Assessing common political work
"When we met here in Houston in January our assessment was that we weren't getting the job done," said Eli Green, a pipe fitter at an oil refinery in Los Angeles, who presented a report on future tasks. "In that sense we weren't fully prepared to meet the challenge posed by Washington's war drive," he explained. "Our record since then indicates that we've begun to turn this around. Looking at our work over the recent weeks, we've begun to close the gap between word and deed."

Socialist oil workers made real steps forward in distributing the Militant and other communist literature on the job as a part of opposing imperialism's looming war against Iraq, in bringing co- workers to antiwar pickets and other political activities, and in fighting shoulder to shoulder with fellow workers under the gun in the United States, like at Crown.
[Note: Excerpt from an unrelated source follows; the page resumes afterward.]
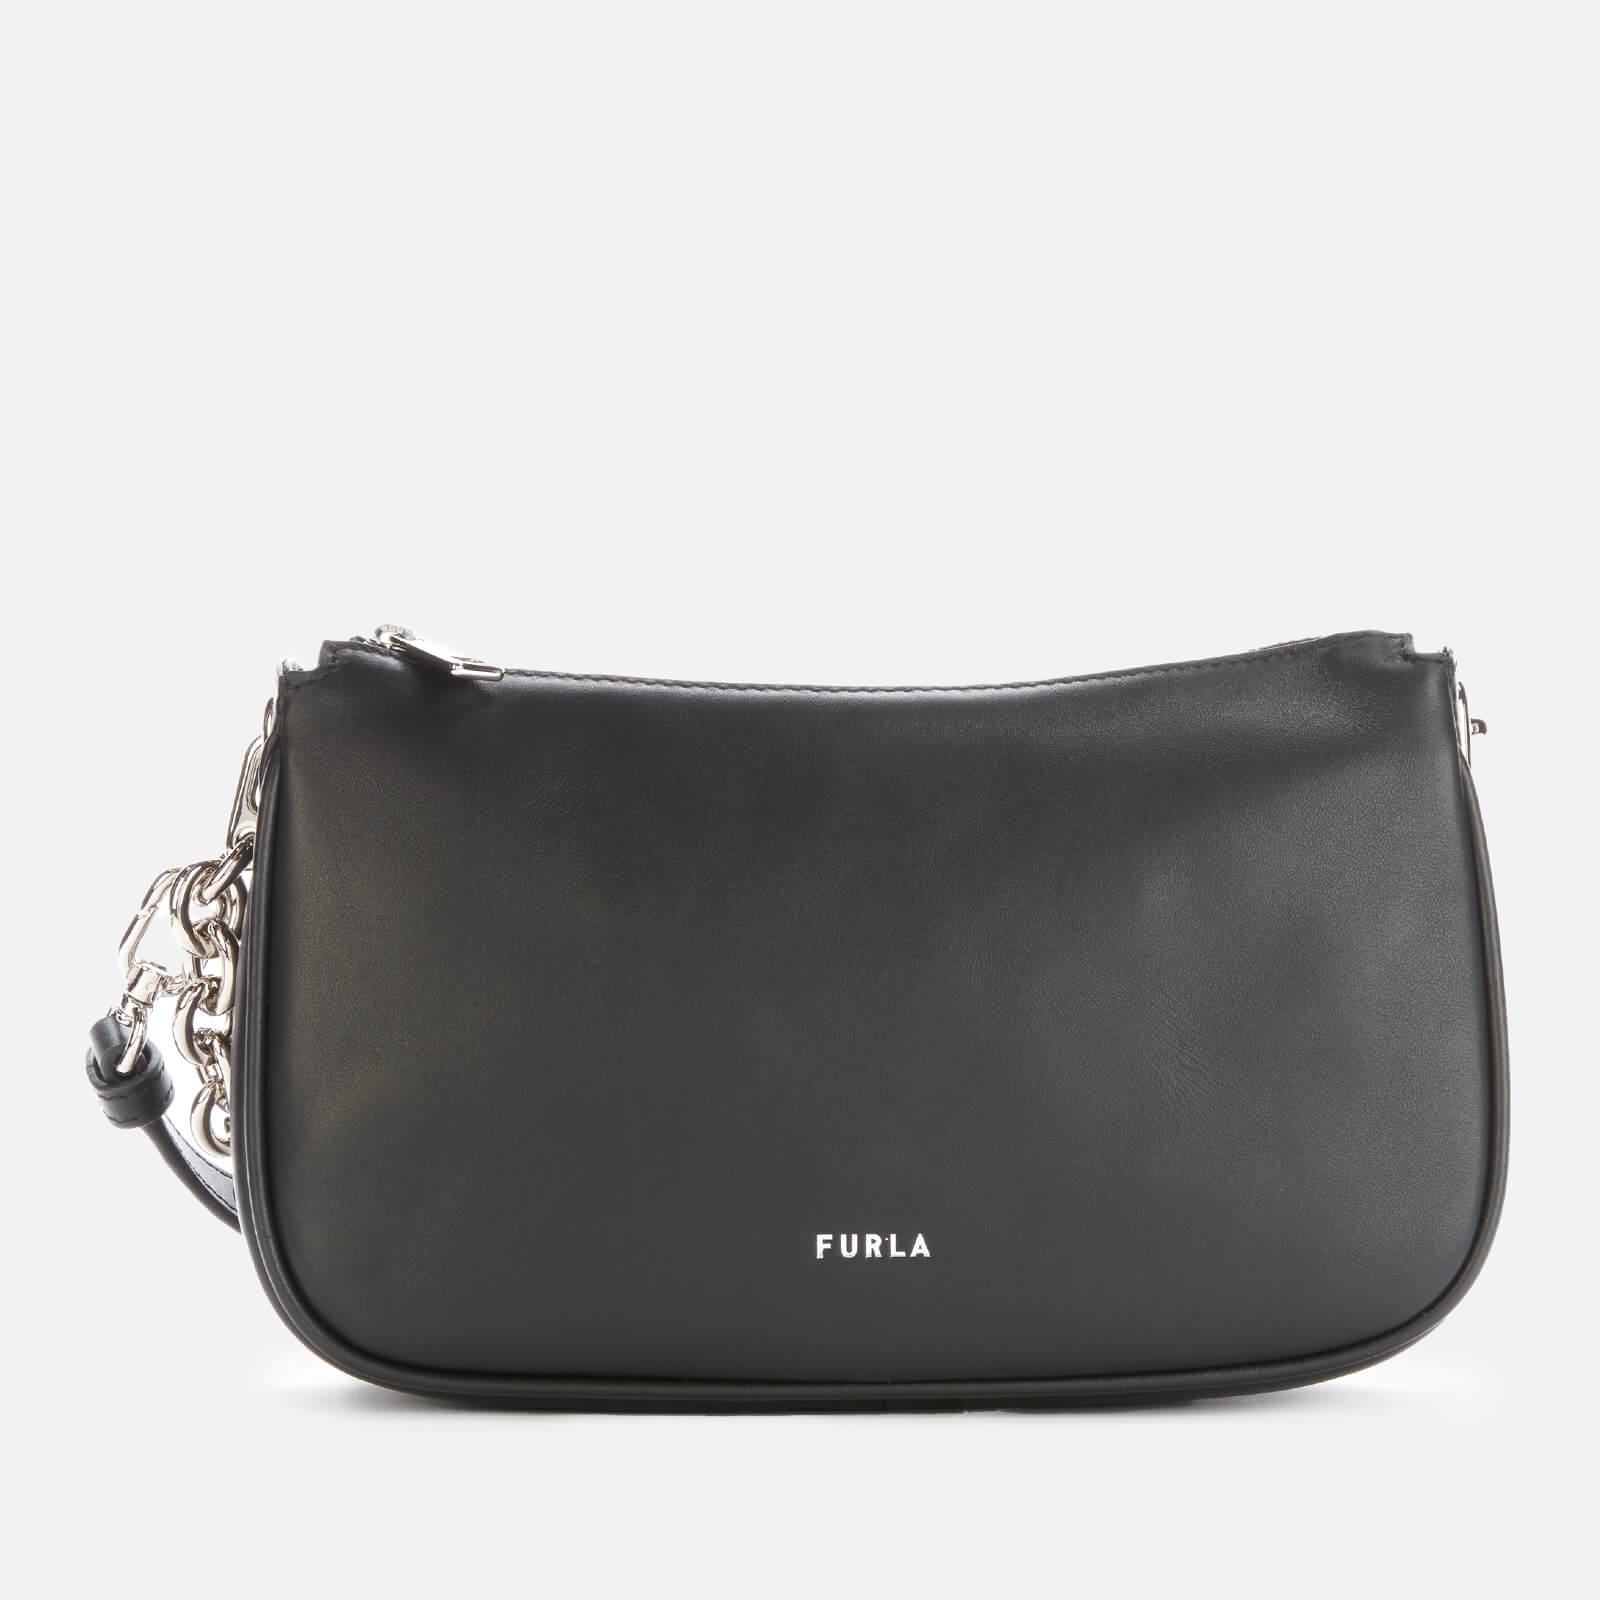 Furla Women's Moon S Shoulder Bag - Black
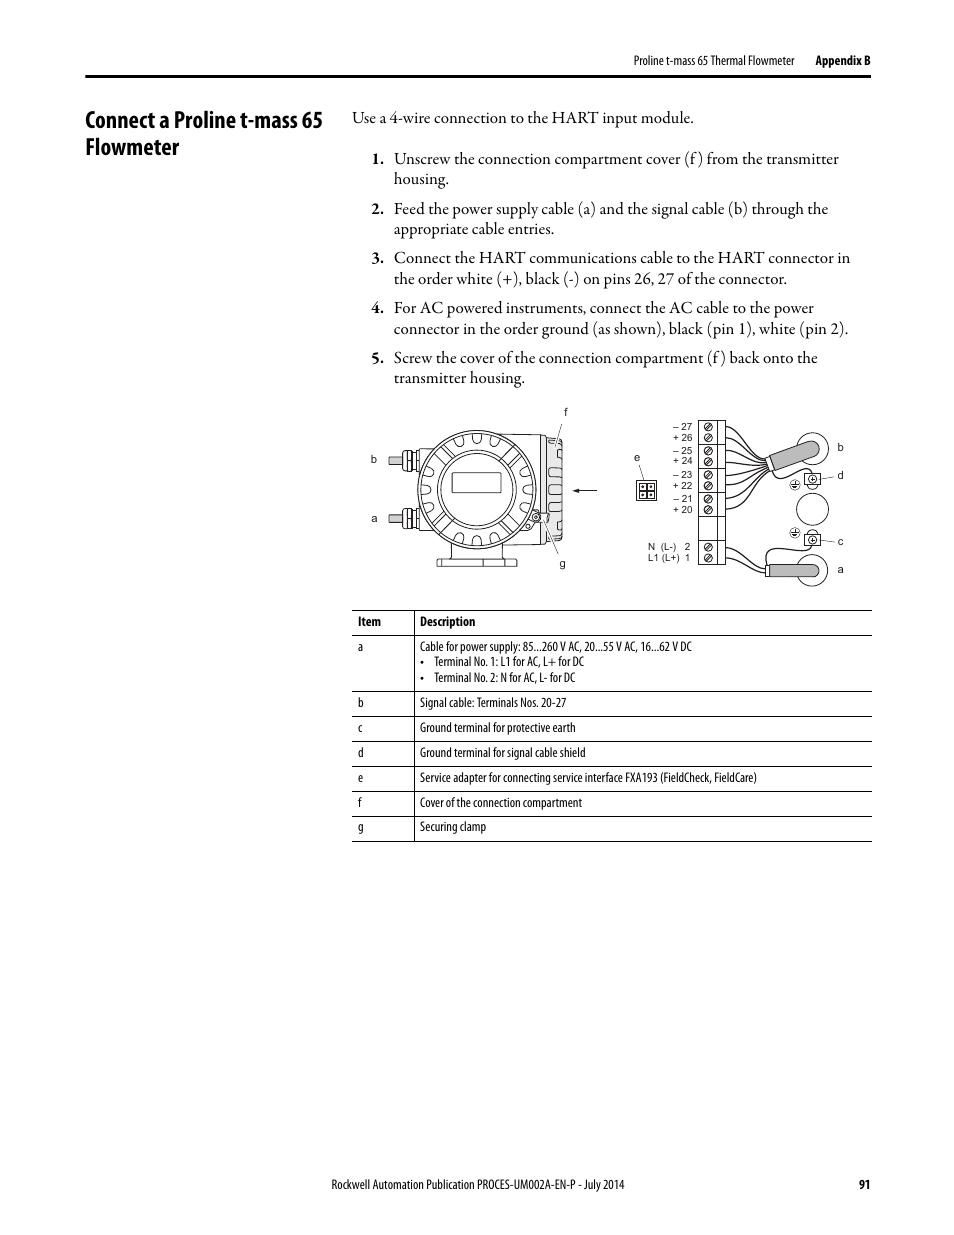 ... manuals topmalawis de Array - connect a proline t mass 65 flowmeter  rockwell automation 1734sc rh manualsdir com

Seventy-seven copies of the Militant were sold on the job since the January meeting, as well as 14 copies of the Marxist magazine New International no 7, which details the 1990-91 Gulf War. Socialist OCAW members were less successful in their campaign to sell the recently issued Pathfinder pamphlet, Celebrating the Homecoming of Ernesto Che Guevara, and a discussion was held on how to upgrade the effort to tell the truth about the Cuban revolution.

The meeting adopted goals for participation in the upcoming Militant subscription campaign and secured initial pledges in excess of $8,000 towards the projected Militant Fund Drive beginning March 14.

Jerry Freiwirth is a member of OCAW Local 4-367 in Deer Park, Texas.